Generate 1000 samples of $\mathbf{x}\in \mathbb{R}^3$ from the multivariate normal distribution with $\mu=(1,3,5)^T$ and $\Sigma \in \mathbb{R}^{3\times 3}$ be a randomly generated positive matrix. <br>
Then we generate $Y$ data from $Y_i=\beta_0 + X_i^T\beta + \epsilon_i$, where $\beta_0=-5$ and $\beta=(10,-5,5)^T$, with $\epsilon_i \buildrel{iid} \over \sim N(0,1)$. <br>
Do standard linear regression and also apply stochastic gradient descent to estimate the parameter. In SGD, let the batch size be 1/10 of the whole data, and the learning rate be 1/100.

## Necessary Codings

```np.random``` is used to generate random samples from a distribution. <br>
```np.linalg``` can do simple OLS and solving a linear equation.

* ```np.random.multivariate_normal(mean=mu, cov=Sigma, size=N) ``` 
* ```np.random.uniform(low=0, high=1, size=N)```
* ```np.random.normal(loc=0, scale=1, size=N)```
* ```np.hstack((Amat, Bmat))``` : The input should be a __sequence of np.arrays__ (array1, array2, array3, $\cdots$). This explains why there are two pairs of parenthesis.
* ```np.linalg.lstsq(Xmat, Yvec)``` : simple linear regression. Xmat should include constant(1) column.
* ```np.linalg.solve(Amat, Bmat)```: $A^{-1}B$ 

```torch``` can apply __stochastic gradient descent (SGD)__ with the given objective function. Prior to that, we need to form appropriate datasets. First we convert np.array's into torch.tensor's and then for a torch.utils.data.__dataloader__ object.
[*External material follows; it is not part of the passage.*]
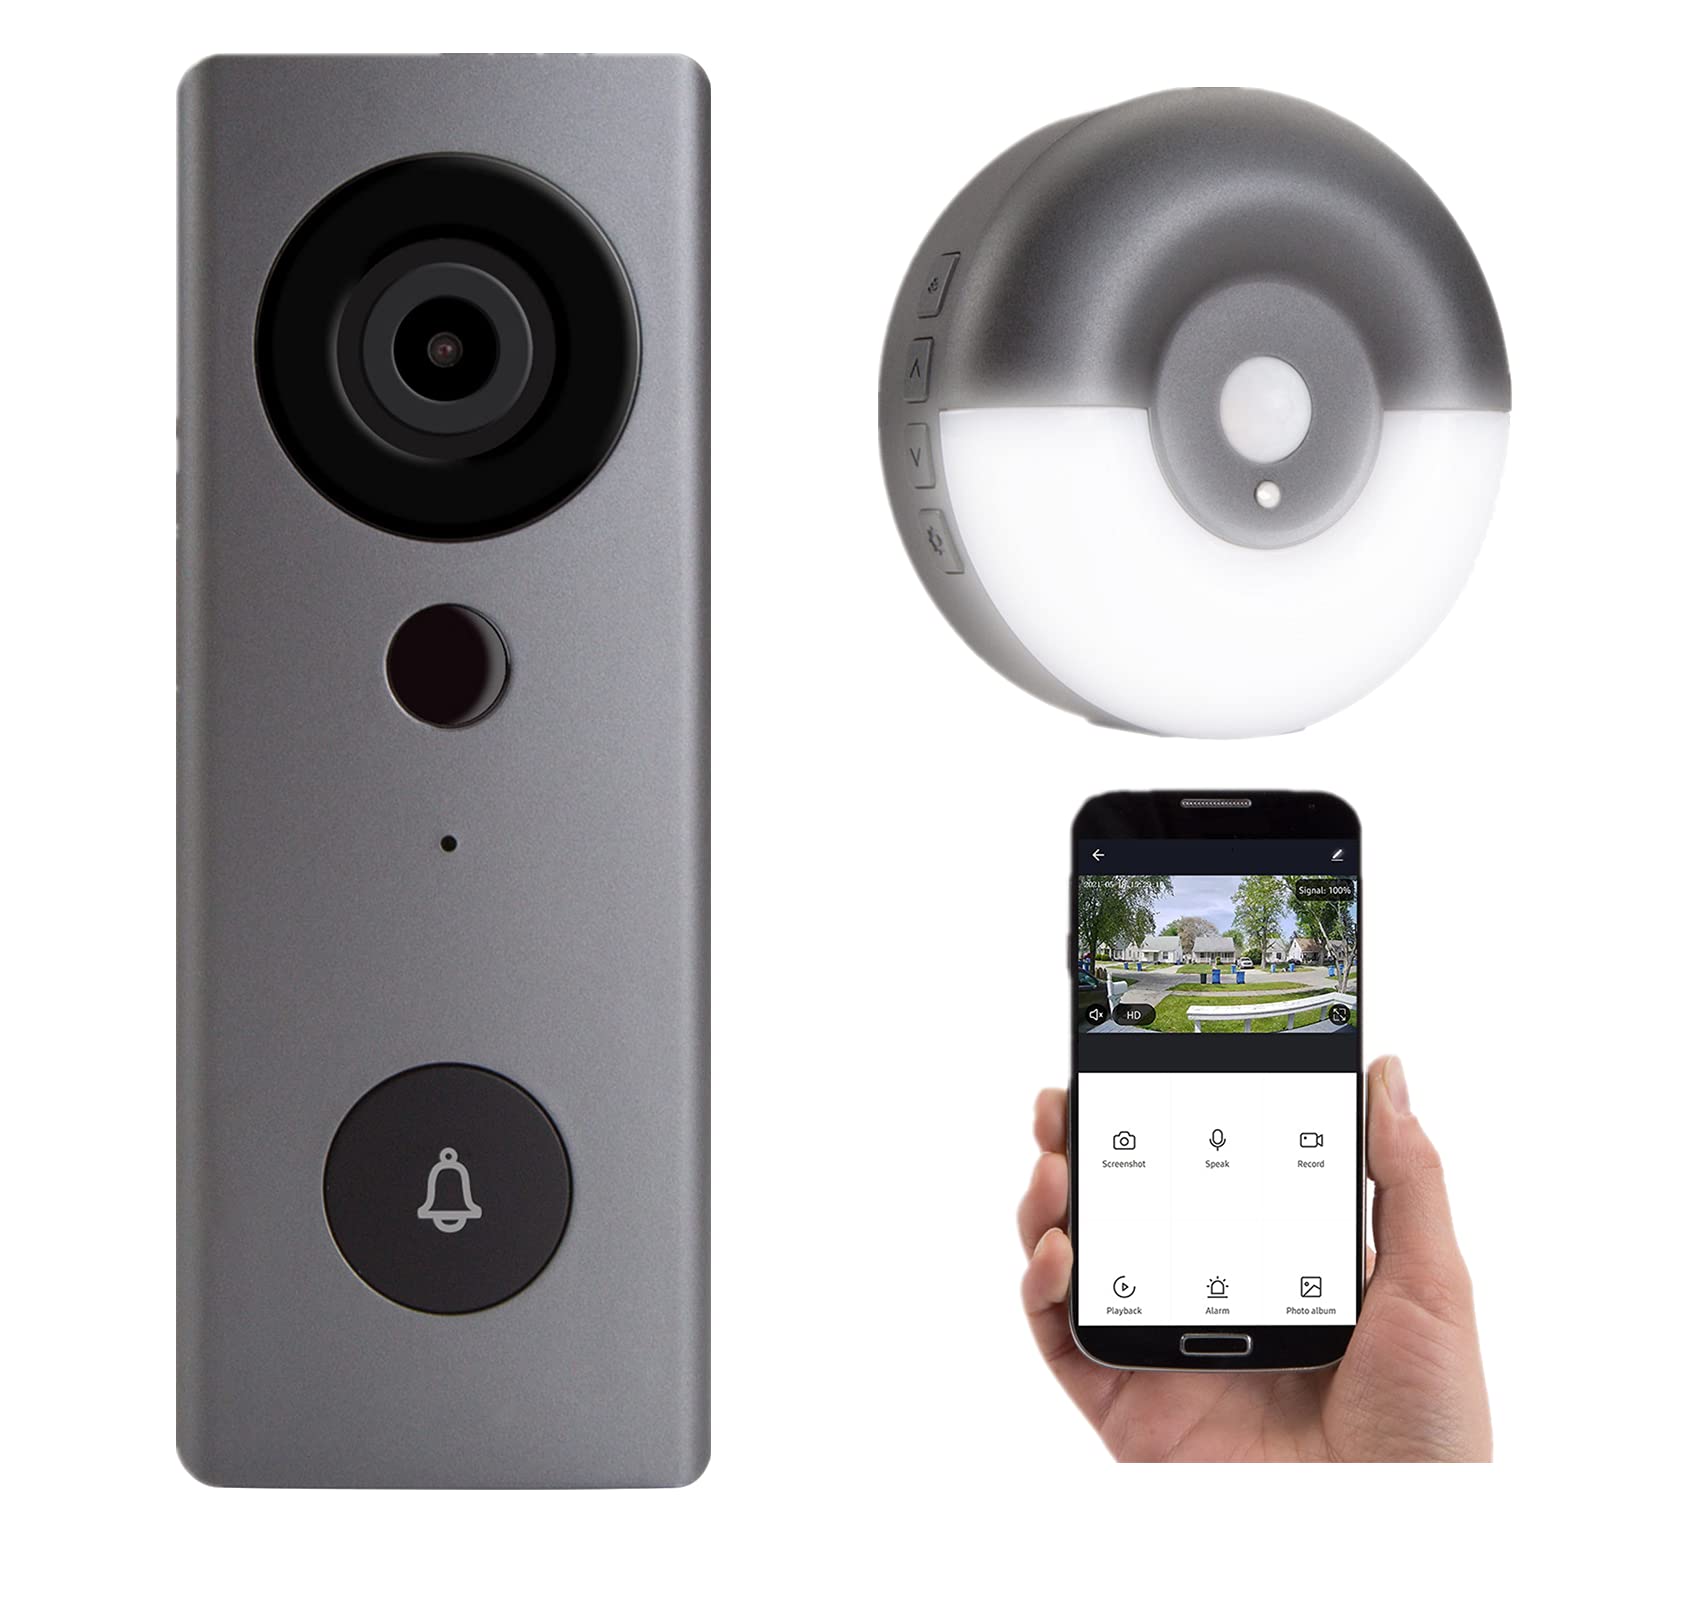 Which Video Doorbell Works With Existing Chime

* ```torch.from_numpy()``` : turn an np.array into torch.tensor in the same shape.
* ```torch.set_default_dtype(torch.float64)``` : Since numpy has default float32 and torch has default torch.float32, they are not incompatible.
* ```from torch.utils.data import TensorDataset / DataLoader``` : In order to do SGD, we first need to form it as a torch.utils.data.__TensorDataset__, and then form a torchh.utils.data.__DataLoader__ which is a device that randomly mixes batches for us.
* ```train_ds = TensorDataset(input, output)```: Both input and outputs are torch.tensors.
* ```train_dl = DataLoader(train_ds, batch_size, shuffle=True)``` : batch_size should be integer, not something like 10.0.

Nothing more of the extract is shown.